**What is being asked:**
Please reproduce all of the data below exactly, leaving each picture out.

========================================================================

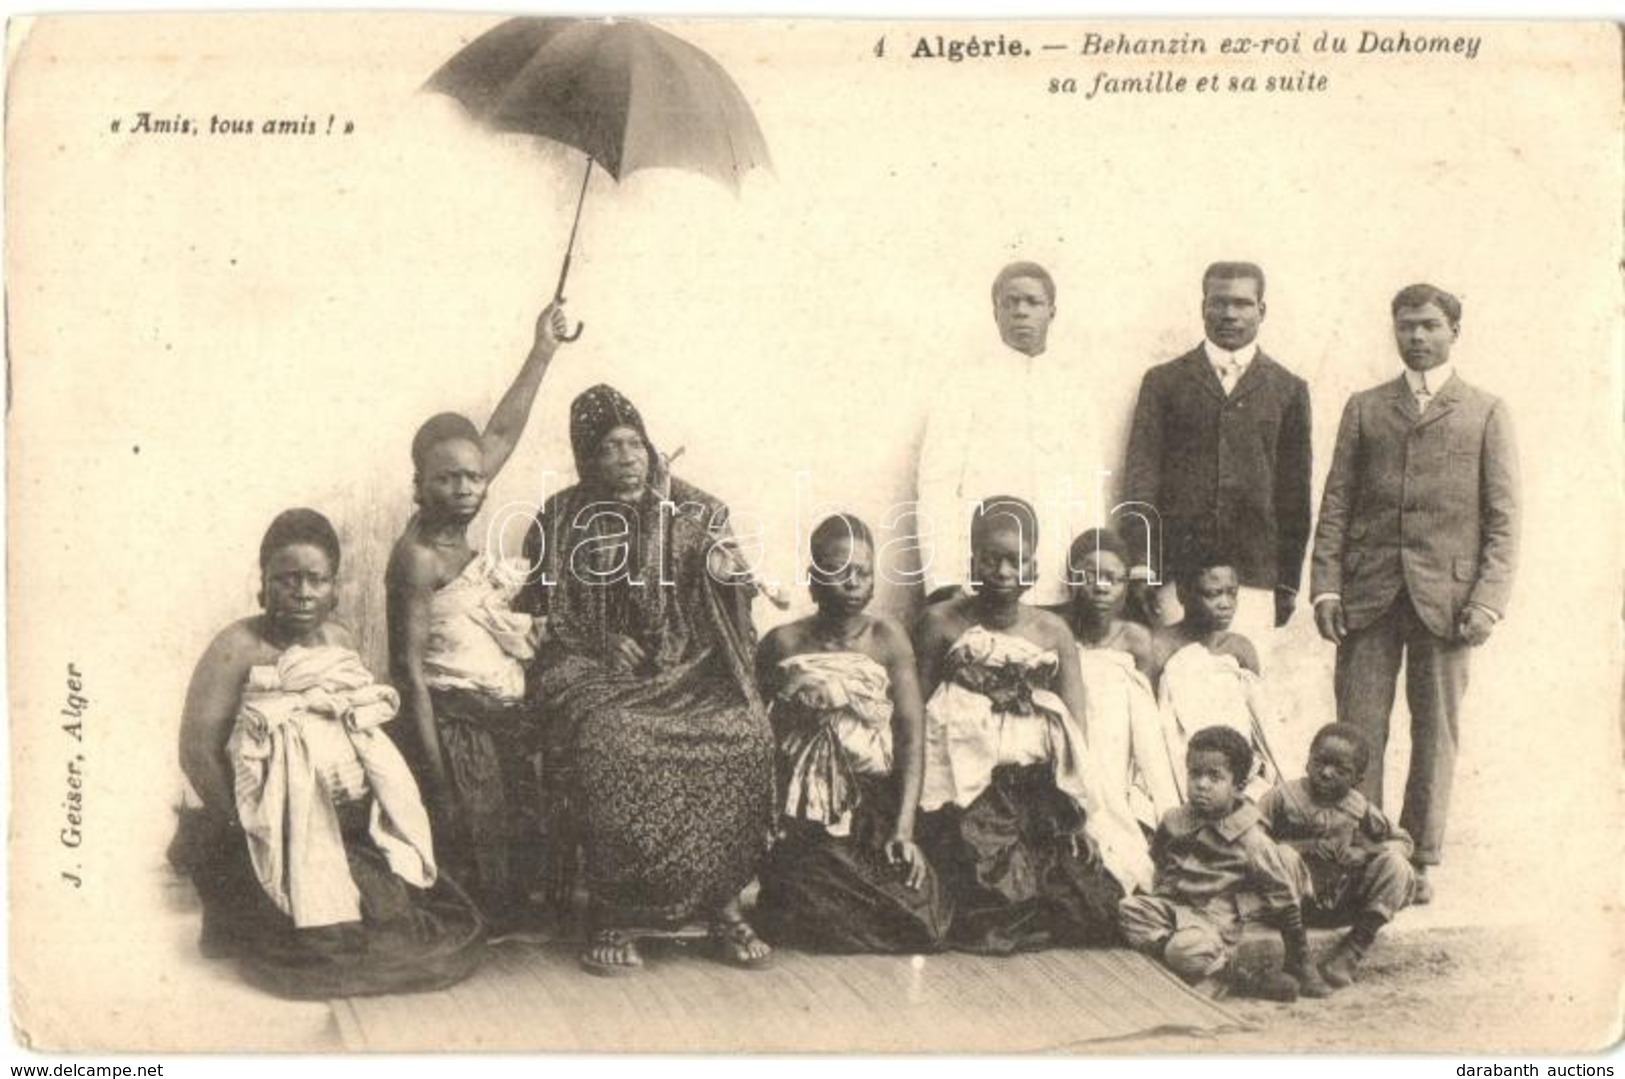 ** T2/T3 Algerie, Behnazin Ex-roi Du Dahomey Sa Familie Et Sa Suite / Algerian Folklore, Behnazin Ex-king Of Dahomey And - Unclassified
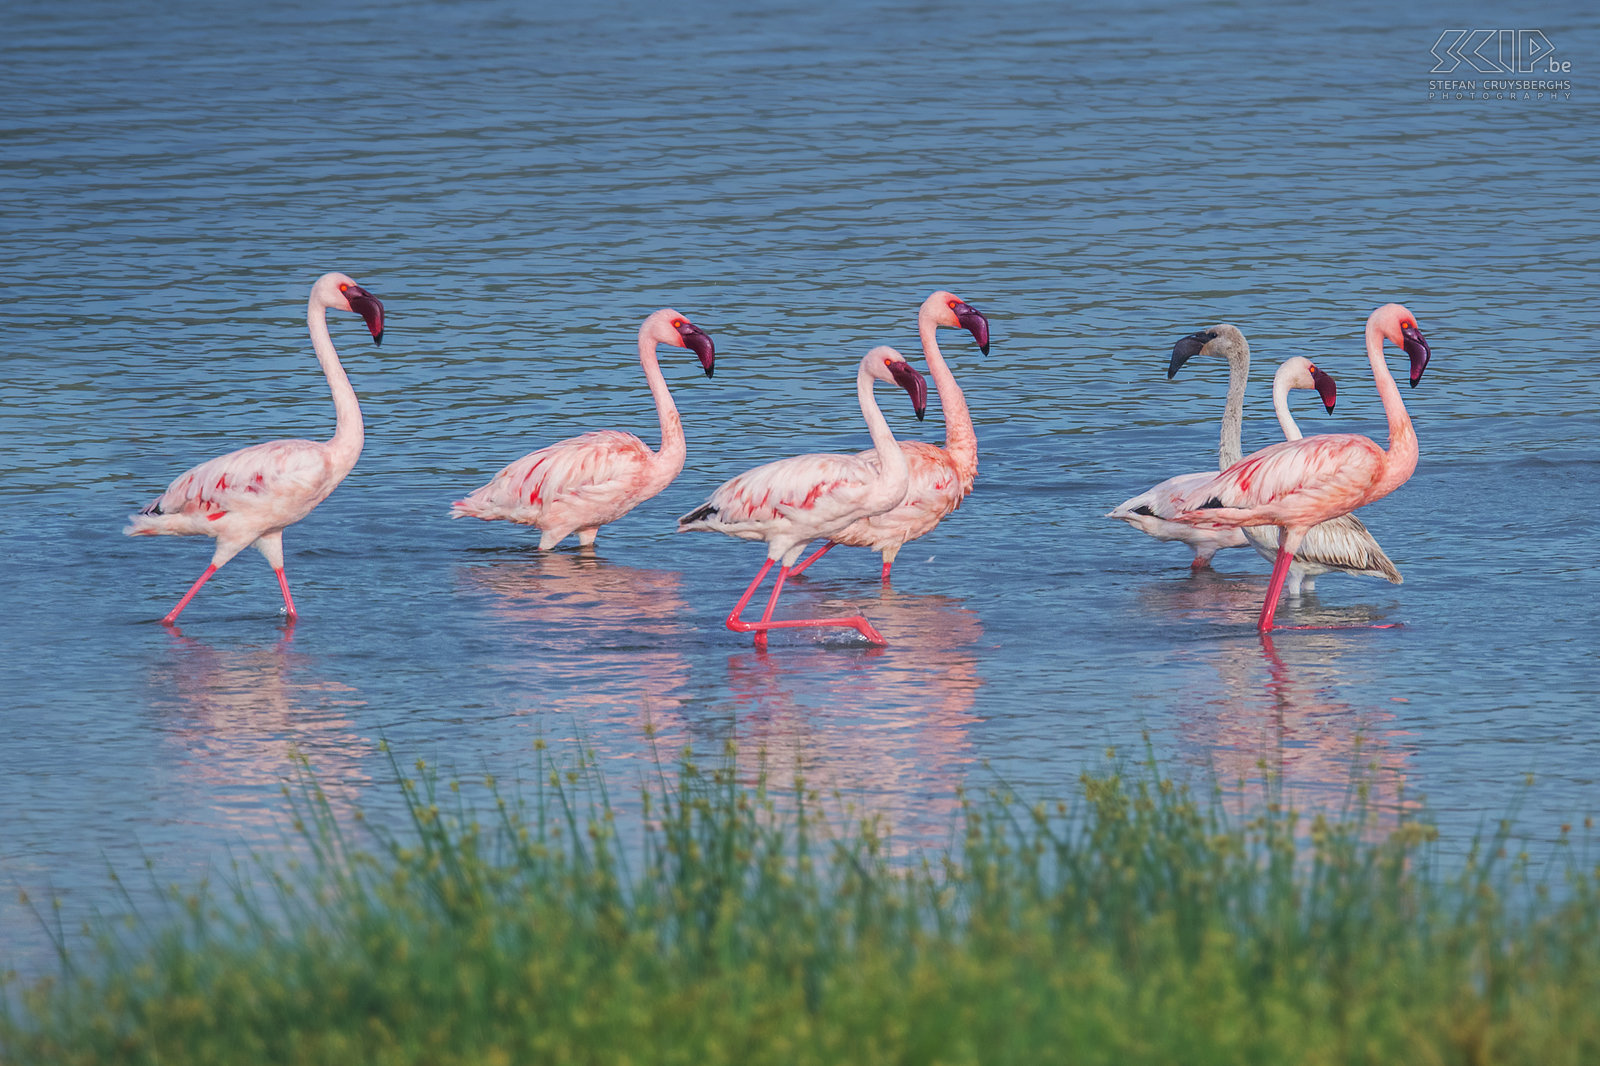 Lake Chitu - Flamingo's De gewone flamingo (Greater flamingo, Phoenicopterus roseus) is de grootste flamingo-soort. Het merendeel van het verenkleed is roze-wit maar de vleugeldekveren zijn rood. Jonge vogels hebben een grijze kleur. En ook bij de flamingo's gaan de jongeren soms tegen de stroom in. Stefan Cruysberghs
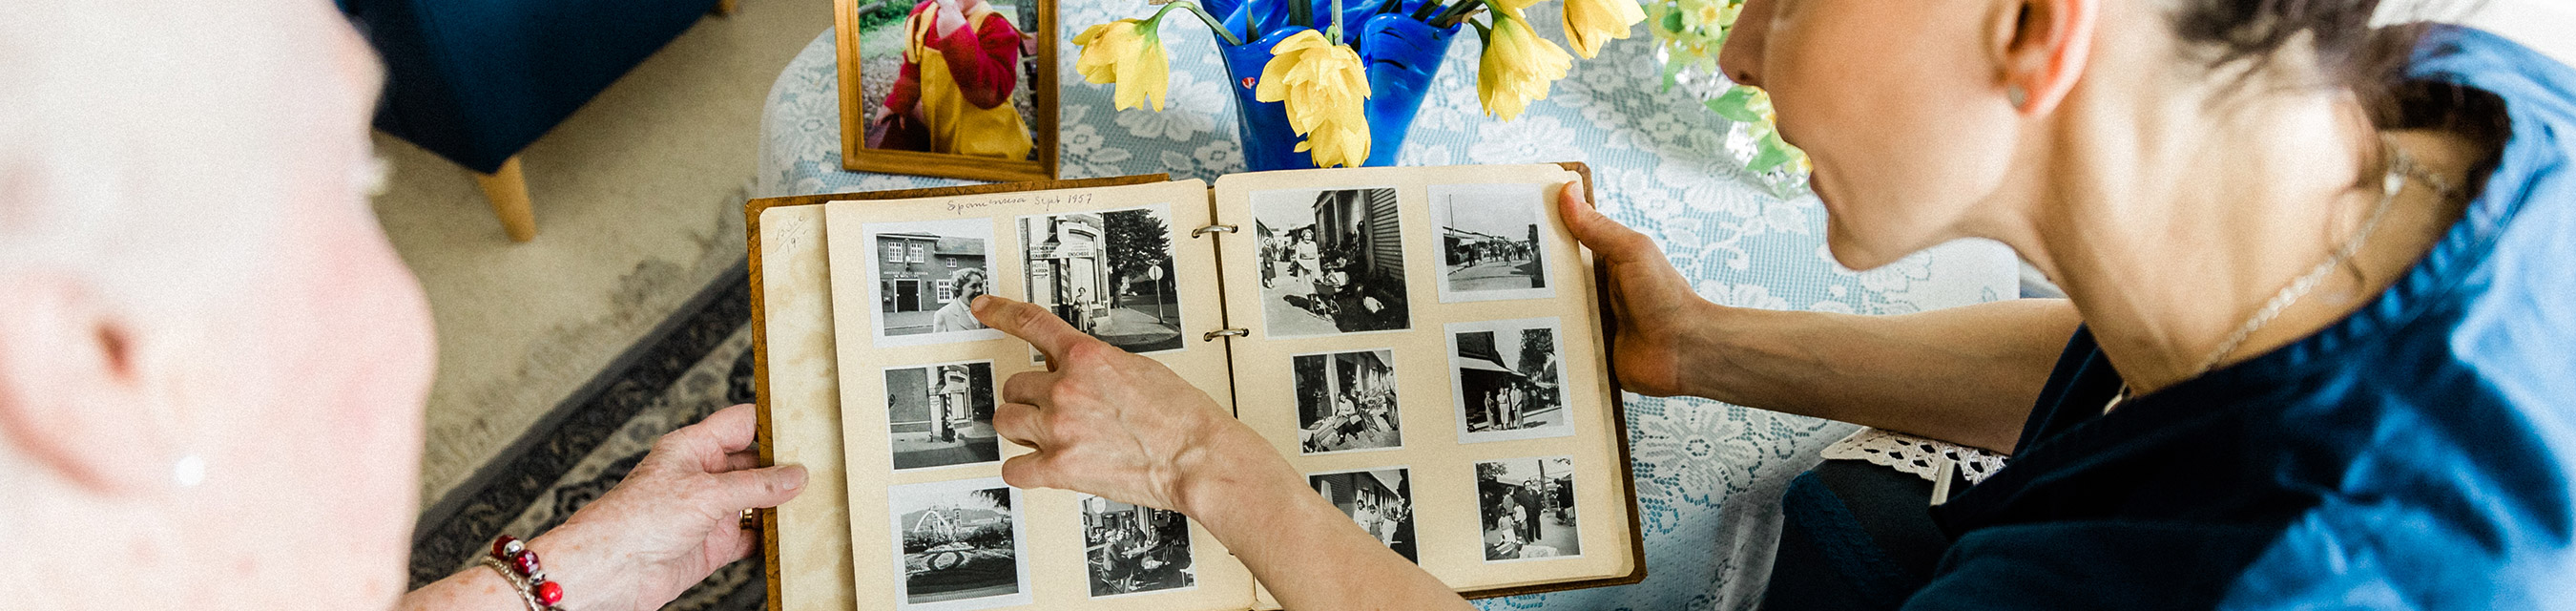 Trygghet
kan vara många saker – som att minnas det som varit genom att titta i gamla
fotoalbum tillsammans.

========================================================================

**Reply:**
 ** T2/T3 Algerie, Behnazin Ex-roi Du Dahomey Sa Familie Et Sa Suite / Algerian Folklore, Behnazin Ex-king Of Dahomey And - Unclassified
 Lake Chitu - Flamingo's De gewone flamingo (Greater flamingo, Phoenicopterus roseus) is de grootste flamingo-soort. Het merendeel van het verenkleed is roze-wit maar de vleugeldekveren zijn rood. Jonge vogels hebben een grijze kleur. En ook bij de flamingo's gaan de jongeren soms tegen de stroom in. Stefan Cruysberghs
 Trygghet
kan vara många saker – som att minnas det som varit genom att titta i gamla
fotoalbum tillsammans.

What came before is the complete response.